Tangerang Selatan – Humas BRIN. Logam Tanah Jarang (LTJ) merupakan komoditas strategis yang sangat berharga, karena keberadaannya diperlukan dalam berbagai produk teknologi canggih. Mulai dari industri elektronik, telekomunikasi, hingga transportasi.
Logam tanah jarang adalah mineral yang terdiri dari 17 unsur kimia. Kelompok elemen berat ini terdiri dari unsur skandium dan itrium, serta 15 unsur kelompok lantanida. Manfaat-manfaat dari logam tanah jarang ini dapat dinikmati berkat sifat fisik, kimia, dan magnetik.
Adalah Anas Santria dari Pusat Riset Kimia – Badan Riset dan Inovasi Nasional (BRIN), yang melakukan riset investigasi interaksi magnetik 4f-π pada kompleks berbasis logam tanah jarang porfirin.
Dalam acara webinar series Ornamat ke-51 yang dilaksanakan pada Selasa (23/7) secara daring, Anas mengungkapkan bahwa topik penelitiannya ini merupakan riset yang relatif baru dan menarik dalam bidang kimia anorganik dan material. Riset ini pertama kali dilaporkan sekitar 7-8 tahun yang lalu oleh kelompok riset kimia.
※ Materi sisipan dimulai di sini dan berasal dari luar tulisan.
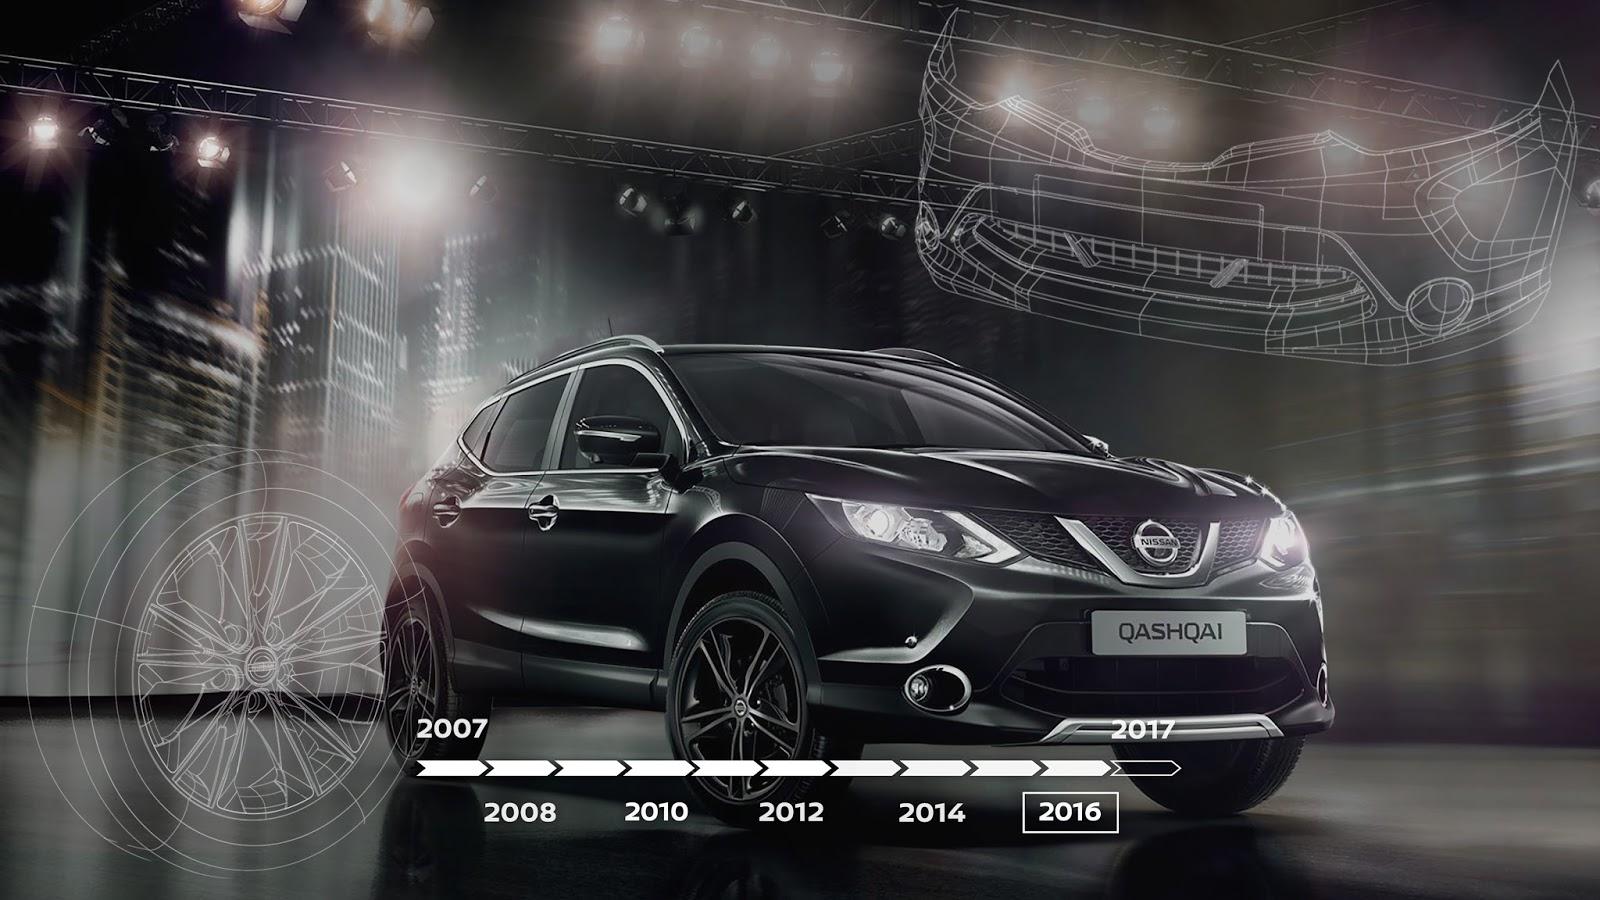 Nissan QASHQAI : το Αυθεντικό Crossover γιορτάζει 10 χρόνια με ένα συναρπαστικό video

“Pertama kali ditemukan pada senyawa ‘single molecule magnet’ yang memiliki sifat magnetik pada skala molekuler. Senyawa tersebut menggunakan logam tanah jarang, khususnya terbium. Interaksi antara orbital momentum dari sistem logam dan orbital momentum dari ligan ditemukan pada keadaan eksitasi,” jelasnya.
Ia menyebutkan bahwa porfirin adalah makromolekul organik yang sering ditemukan dalam hemoglobin dan klorofil. Struktur porfirin memiliki cincin tetrapirol yang dapat berikatan dengan berbagai logam untuk membentuk kompleks yang memiliki sifat unik.
Sementara logam tanah jarang lantanoid adalah elemen dari seri lantanida yang memiliki elektron f yang tidak berpasangan, terutama pada orbital 4f. Karena konfigurasi elektron ini, mereka menunjukkan sifat magnetik yang menarik dan unik. Orbital 4f pada logam tanah jarang memiliki elektron yang tidak berpasangan yang berkontribusi terhadap sifat magnetik yang tinggi. Orbital π pada ligan porfirin dapat berinteraksi dengan orbital 4f ini melalui interaksi spin-spin atau orbital-orbital.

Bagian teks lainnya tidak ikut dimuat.